Feministinnen haben heute neue Räume für Meinungsaustausch und Debatten, in denen jede Frau sich äußern kann, und neue Protestformen, auf Twitter und auf der Straße. Egal wie man zu denen steht: Es ist zumindest erfreulich, wieder Frauen da draußen zu sehen. Und auch die Mainstream-Öffentlichkeit greift feministische Themen ganz selbstverständlich auf. Auf die Problematik der gläsernen Decke oder des Gehaltsgefälles zwischen den Geschlechtern können sich alle einigen, genauso wie auf die Forderung, Frauen sollten sich heute nicht mehr zwischen Kindern und einem eigenen Einkommen entscheiden müssen.

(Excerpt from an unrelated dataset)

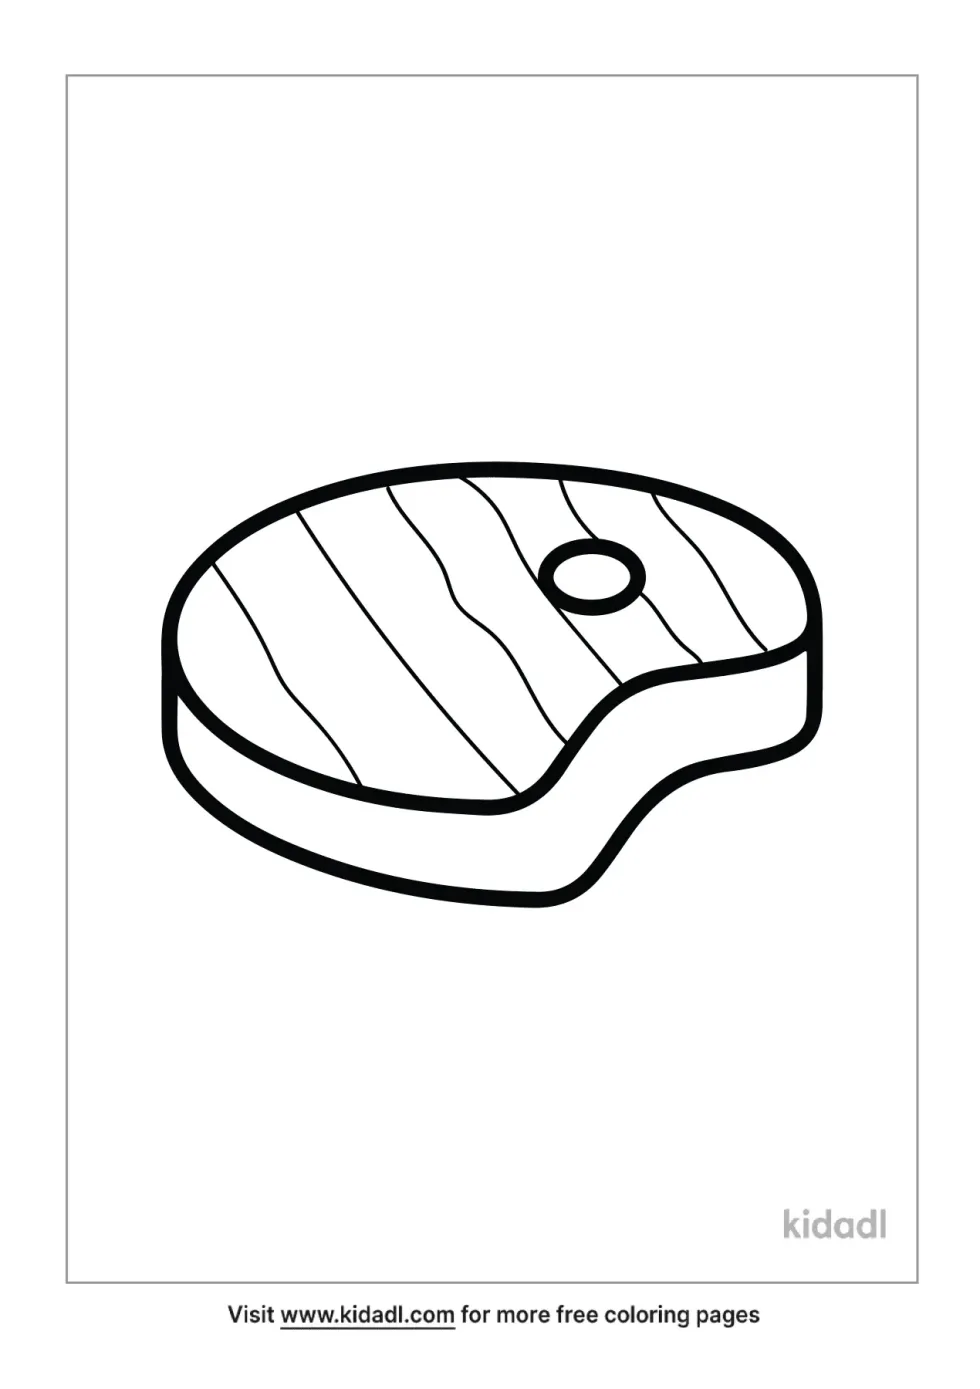 Steak Coloring Page

Das Frauenbild hat sich an die Marktwirtschaft angepasst – und genau deshalb ist die Situation für Frauen in den letzten Jahren trotz allem nicht ernsthaft besser geworden. Im Gegenteil: Die wachsenden sozialen Unterschiede treffen gerade die schwächeren Frauen: Alleinerziehende Mütter gehören zu den am stärksten von Armut bedrohten Mitgliedern der Gesellschaft. Ältere Frauen werden immer weniger geschützt, durch die „Modernisierung“ des Scheidungsrechtes zum Beispiel, das vor allem dafür sorgte, dass geschiedene Männer leichter noch mal eine Familie gründen können, weil sie der alten Frau kaum noch Unterhalt schulden.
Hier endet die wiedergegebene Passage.